FIGURE 14 is an electronic schematic diagram of the memory access connection contained in the wand;

FIGURE 15 is a schematic diagram showing an alternative short-range infrared communication system used by the parking meter for coin payment slot communication; and,

FIGURE 16 is an electronic schematic diagram of the modified parking meter circuitry for communicating with the apparatus of Figures 1 through 8.

Detailed Description The apparatus to be hereinafter described is most advantageously employed in conjunction with parking meters. However, the teachings of the present invention relate to vending machines in general, and particularly to those vending machines which include electronic circuitry for monitoring vends, sales, time increments, accumulated sales, and the like. Further, the present invention is generally related to all vending devices that have a payment slot for receiving coins and/or a card for initiating a vend.

A variety of parking meters may be employed with the invention. However, the invention is ideally adapted for modern electronic parking meters, such as the meter of U.S. Pat. No. 4,823,928 owned by the same assignee as in this case. For disclosure purposes, the latter reference is incorporated by reference herein.

A typical parking meter upon which the present system may be employed may have a vending slot and/or a coin slot for acceptance of payment. As described in detail, for example, in U.S. Pat. No. 4,823,928, coins inputted to the coin chute ultimately trigger the meter circuitry to initiate a vend. The parking meter circuitry of the latter patent assumes a "sleep mode" to prevent discharge of the battery during periods of inactivity. Ideally the present communicating apparatus should coexist with such circuitry, but it will be apparent to those skilled in the art that it can be adapted for parking meters and vending machines that do not include the "sleep mode" particularities of the aforementioned P.O.M. patents or the particular mechanical structure of the coin drop apparatus described therein.

With initial reference to Figures 1-4, the communication apparatus 10 thereshown mechanically engages with the parking meter through the debit card slot. The alternative embodiment to be hereafter described establishes communication through the coin drop slot.

As seen in Figs. 1-2, a typical parking meter 12 includes a coin payment slot 14 spaced apart from an angled debit card slot 16. System 10 comprises an external wand, generally indicated by the reference 18, including a forward projecting, modified debit card portion 20 adapted to be inserted through slot 16. The wand 18 communicates through a • line 22 to an external electronic sensing apparatus or auditor 24. Card 20 comprises a chip 25 and internal micro-circuitry. Debit cards for payment slot electronic auditing are available from Innovatron Company, 137 Boulevard de Sebastopol, 75002 Paris FRANCE.
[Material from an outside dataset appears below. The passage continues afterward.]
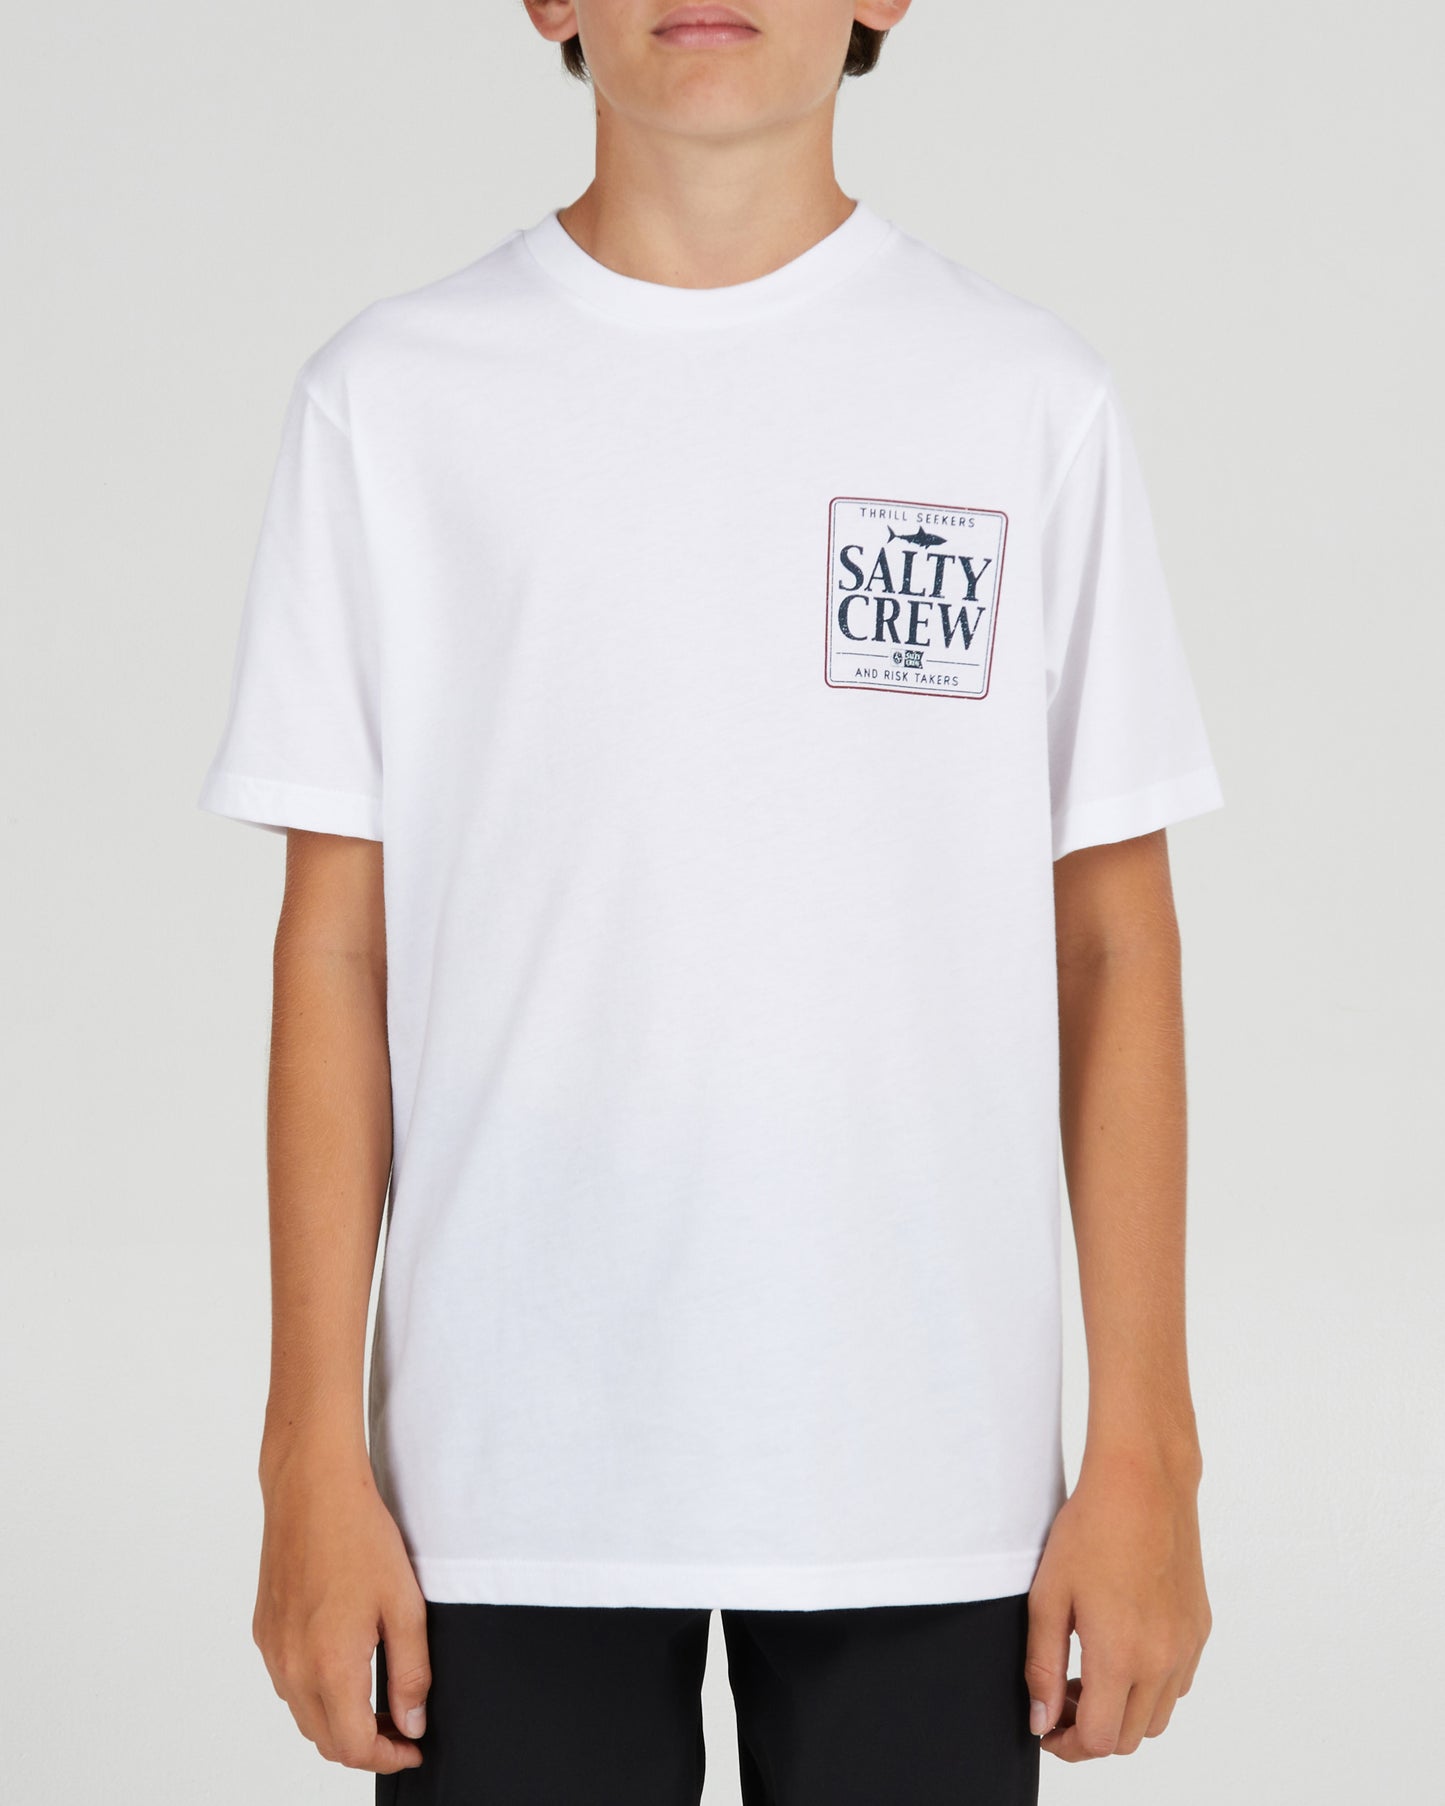 On body front of the Coaster Boys White S/S Tee

As hereinafter described, such debit cards may be received through the slot and mechanically guided and electronically interrogated through a variety of known techniques. For example, card receptor mechanisms for receiving debit cards and communicating with their integrated circuit and logic is seen in one or more of the following Alcatel patents, issued to Alcatel CIT, Paris, France: 4,900,272, 4,900,273, 5,012,078, 5,051,566,

The device 10, including wand 18 and auditor 24 may be manually moved about and used to interrogate, service, or inspect vending devices. As seen in Figure 2, the wand has been inserted through the debit slot 16 and guided therewithin through mechanical structure similar to that seen in the aforementioned Alcatel patents. When this occurs accumulated digital information relating to sales, vends and the like is extracted through the wand and analyzed in the auditor 24. When wand 18 is fully inserted into slot 16, chip 25 will be forced into engagement with suitable receptors to make electrical contact. When the wand is fully inserted as in Figure 2, the information and the memory therein can be interrogated, as will be described in conjunction with a description of detailed circuits later.
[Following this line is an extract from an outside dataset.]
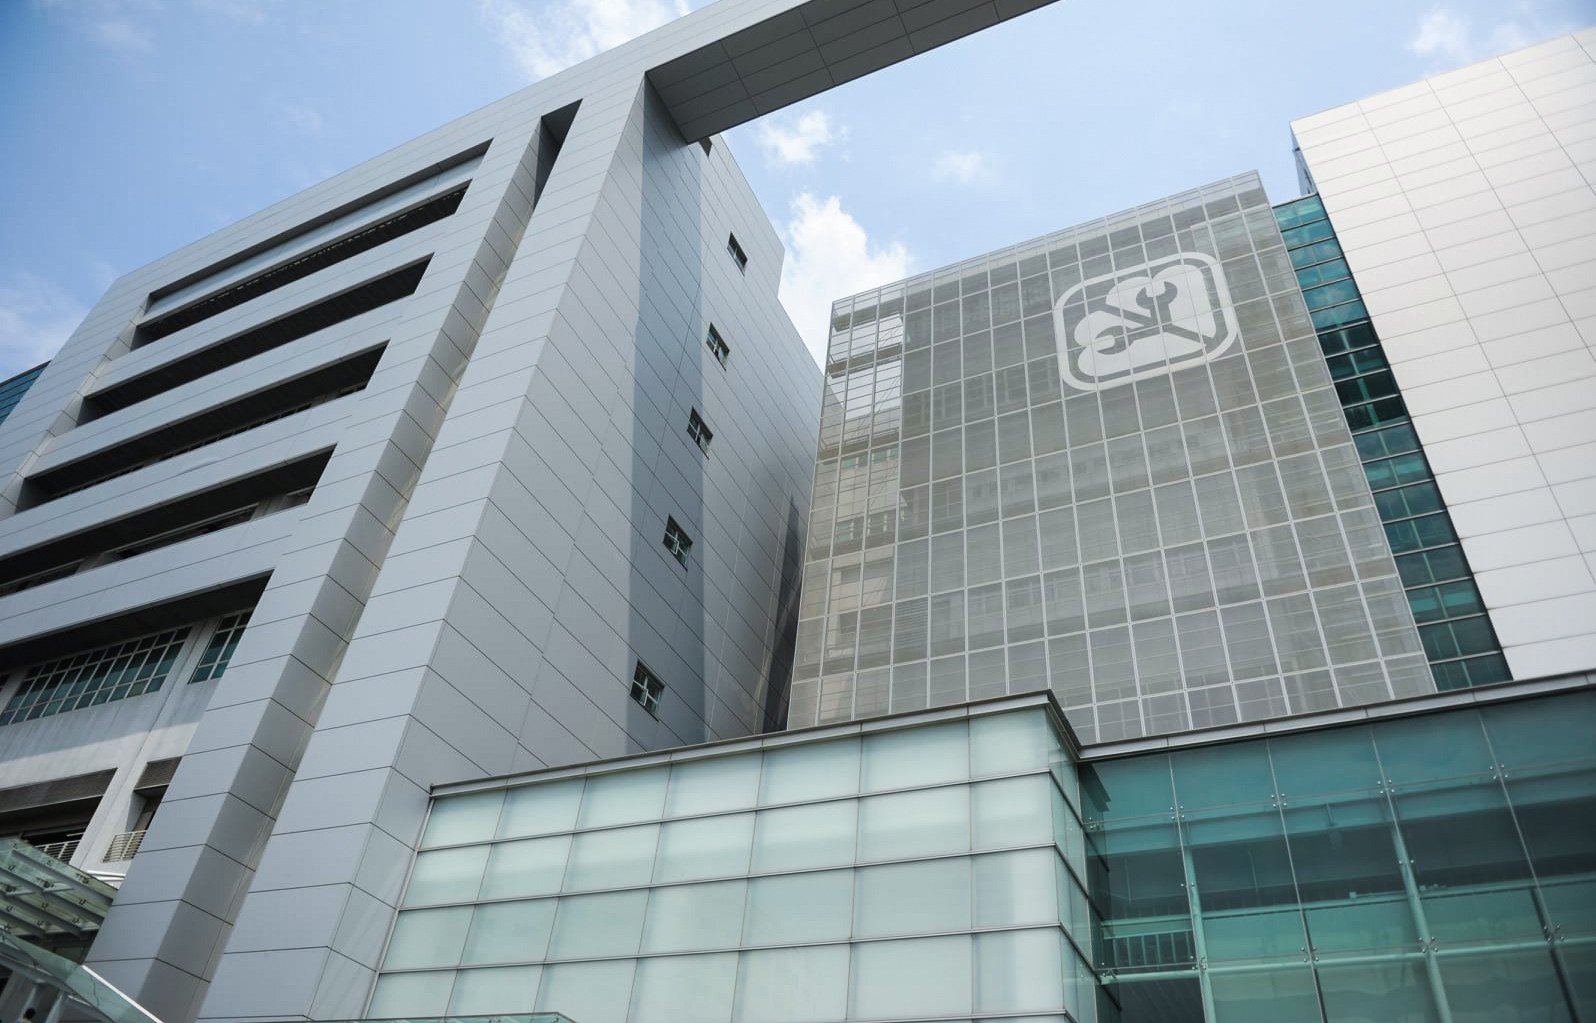 The Electrical and Mechanical Services Department’s headquarters in Kowloon Bay. Photo: Handout

The auditor 24 is a handheld computer-like device which may be quick coupled to the cord 22. It comprises a visual display 33 mounted to its plastic case 36 and plurality of control buttons 37. A variety of different devices could be substituted for auditor 24, including personal computers and the like. Ultimately electrical interconnection will be established between the receptors 25 on the wand card portion 20 and electrical circuitry within the auditor 24.

Turning now to Figures 3 and 4, wand 18 preferably comprises a resilient, generally cylindrical body 19 having a rear end 21 adapted to be coupled to line 22. The front end of the wand includes a circumscribing flange 27 spaced from a projection 29 that frictionally engages card 20. When the card 20 enters the debit card slot 16, it will wake the meter from the "sleep mode." The meter will quickly "wake-up," energize its circuitry, and initiate communication through the electrical contacts 25. Preferably, a plurality of tactile pads 31 are defined on the outer cylindrical surface to aid in manually positioning the device.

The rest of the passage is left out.